5. Outpatient coders are responsible for following charge verification processes and routing accounts based on missing, incomplete, or inaccurate charging.
Other responsibilities include:
- Adherence to Health Information Management (HIM) Coding policies.
- Interprets and applies American Hospital Association (AHA) Official Coding Guidelines to articulate and support appropriate principal, secondary diagnoses and procedures. OP coding validates reason for visit and IP validates admit diagnosis.
- Adherence to Det Norske Veritas (DNV) and other third-party documentation guidelines in an effort to continually improve coding quality and accuracy.
- Responsibility for maintaining coding certification and knowledge referencing diagnosis and procedural coding classification system coding guidelines and regulatory changes.
- Contacts the appropriate department or physician for assistance in obtaining physician clarification of Diagnoses and procedures.
- Participates in performance improvement initiatives as assigned.
This position must consistently meet or exceed productivity and quality standards as defined by department Leadership.
The coder must have:
1. Knowledge of Anatomy and Physiology, Disease Pathology, and Medical Terminology.

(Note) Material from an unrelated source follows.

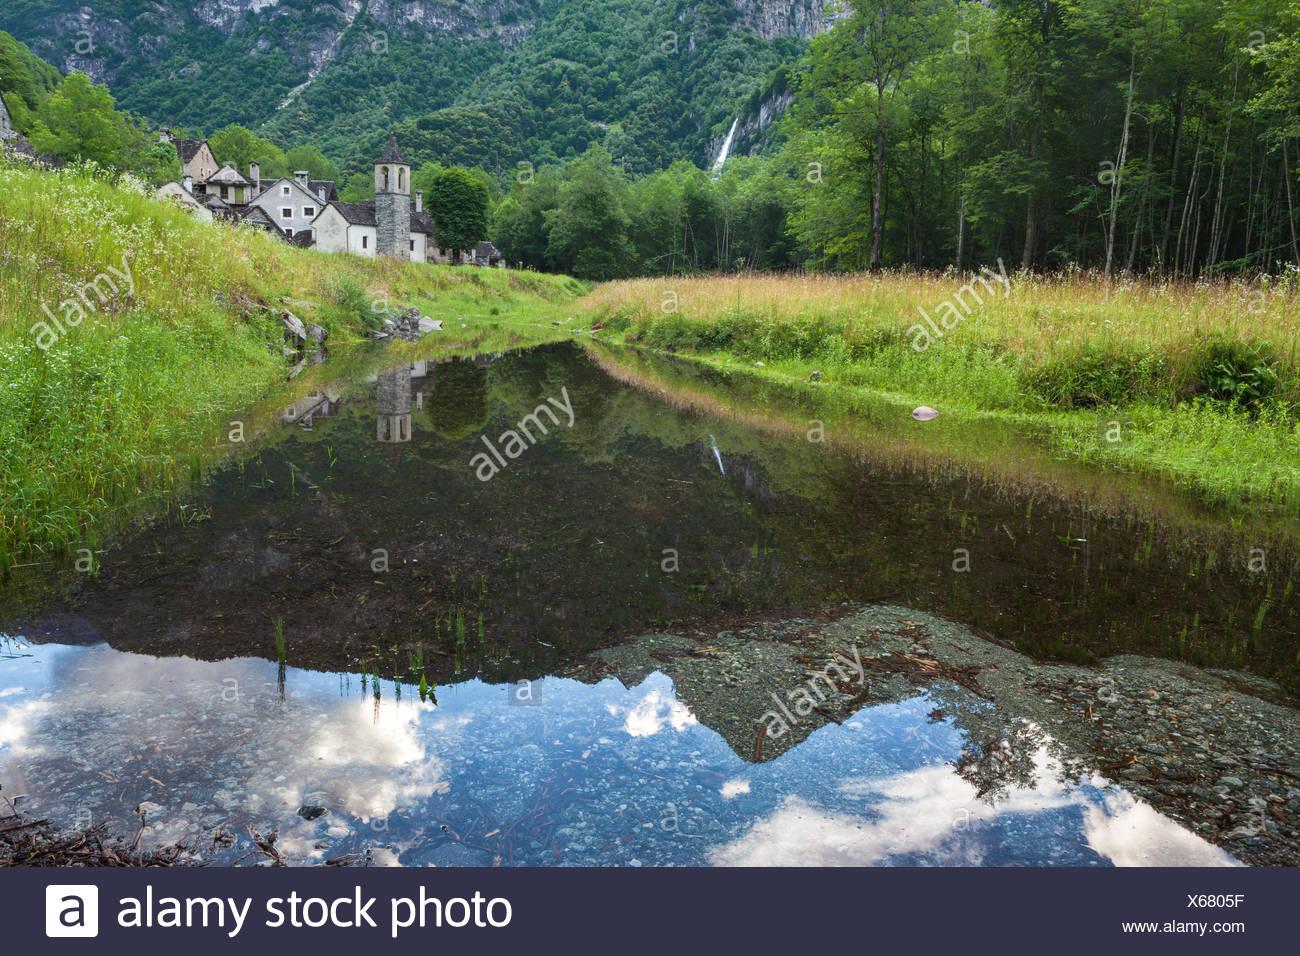 Ritorto, Switzerland, Europe, canton, Ticino, Bavona valley, hamlet, houses, homes, stone houses, reflection - Stock Image

2. Knowledge of coding conventions and use of coding nomenclature consistent with CMS Official Guidelines for Coding and Reporting ICD-10-CM coding.
3. Accurate translation of written diagnostic descriptions to appropriately and accurately assign ICD-10-CM diagnostic codes to obtain optimal reimbursement from all payer types, including Medicare/Medicaid, and private insurance payers.

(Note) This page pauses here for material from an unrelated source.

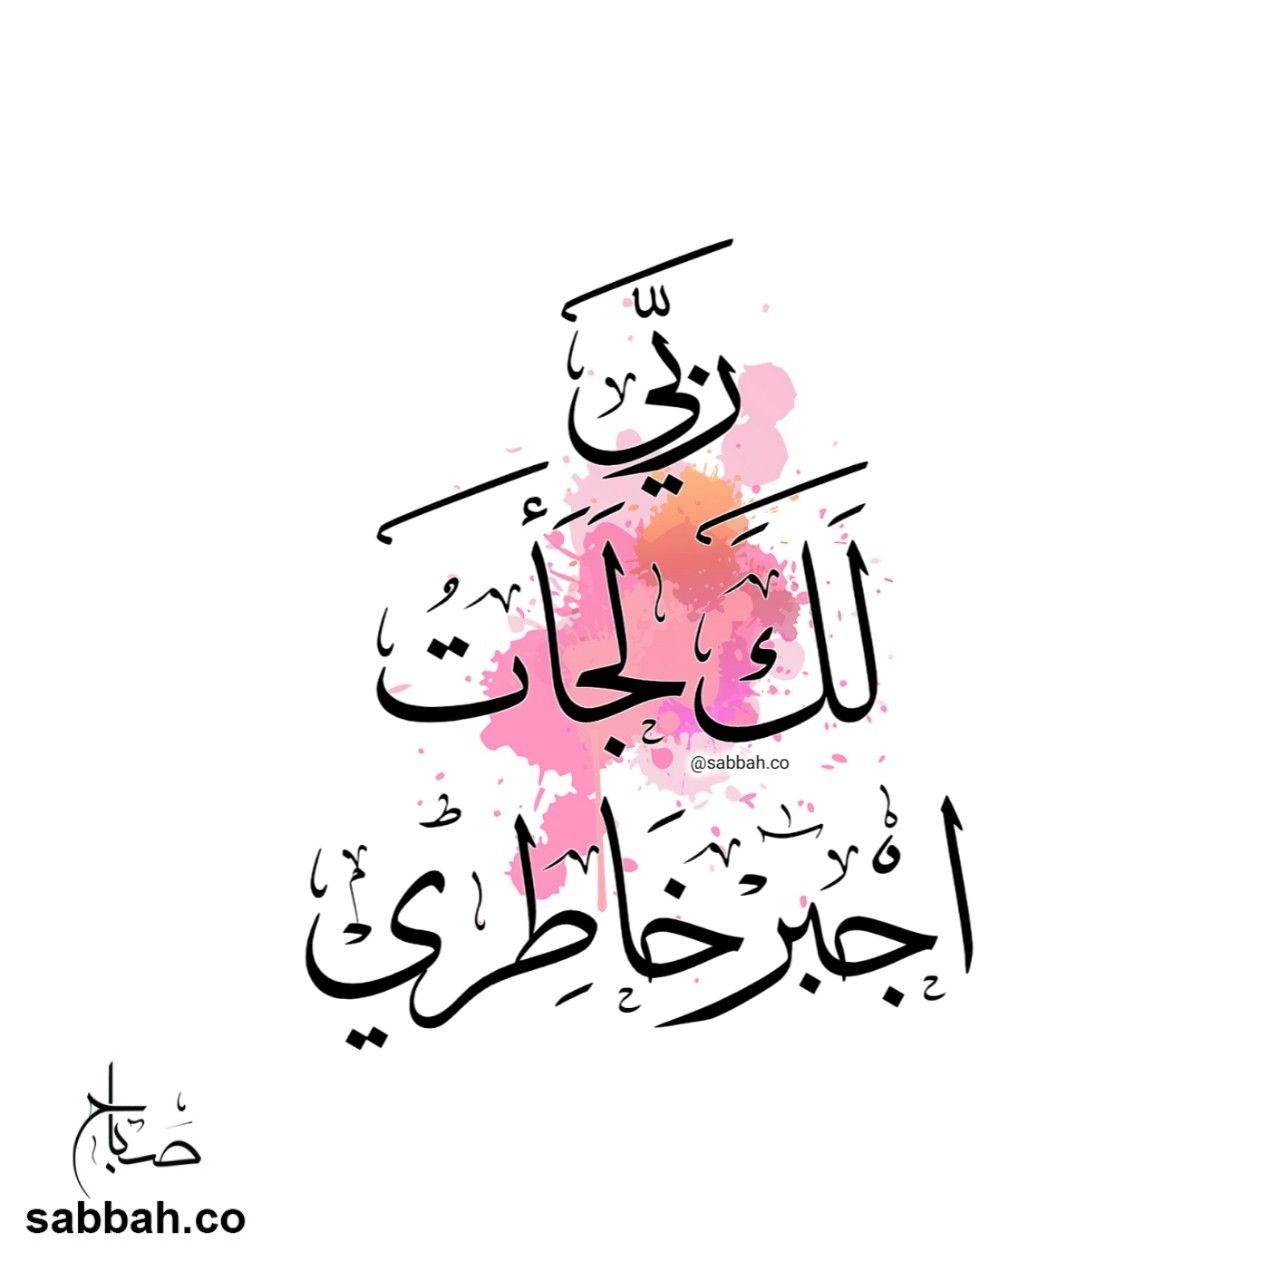 ربي لك لجأت اجبر خاطري Follow My Instagram Sabbah Co Www Sabbah Co دعاء اذ Arabic Quotes Islamic Inspirational Quotes Islamic Quotes Wallpaper

4. Accurate translation of written procedure descriptions to accurately assign ICD 10 PCS procedure codes for inpatient and CPT/HCPCs codes for outpatient accounts.
5. Ability to navigate the Electronic Medical Record to identify appropriate documentation for coding/billing in support of submitted department charges.
6. Knowledge of clinical content standards.
Education:
Required:
- Validation of coding certification, i.e., specialty focus such as ICD-10-CM coding, ICD-10-PCS, CPT coding, and billing practices from an accredited program.
Preferred:
- BS or AS degree in Health Information Management Administration or Health Information Technician from an accredited program.
Experience:
Required:
- Must demonstrate knowledge of coding to support this position.
- Ability to follow standard practices in coding and reimbursement.
- Demonstrate the knowledge of optimization of coding for reimbursement.
- Computer literate in a windows environment, also basic word processing skills, knowledge of MS Office and a basic graphics package.
- Possess excellent communication skills both written and oral.
- Demonstration of sound judgment and organizational ability.
- Ability and knowledge to maintain a quality and quantity standard in coding.
- Must have 4 years of coding experience in an acute care hospital.
Preferred:
- Level 1 Academic medical center experience
Position Requirement(s): License/Certification/Registration
Required:
- RHIT, RHIA, CCS, CPC, or CPC-H
Preferred:
- N/A
Department Position Summary:
The employee must be able to demonstrate the knowledge and skills necessary to optimally code inpatient or outpatient encounters (based on team assigned). The individual must demonstrate knowledge of the various payment schemes for inpatient encounters or outpatient encounters. The individual must demonstrate the ability to be flexible as to the type of encounter to be coded. The associate must demonstrate the ability to work in a self-directed team by taking and giving direction and sharing in the responsibility of the team.
The associate must display the ability to be self-motivated, be able to evaluate the scope of each day's work, and display time management skills to accomplish assigned work. Must be able to work effectively in a remote work capacity. The associate must provide management with annual/biannual proof of certification and complete annual/biannual required continuing education. The associate will perform any other tasks as assigned.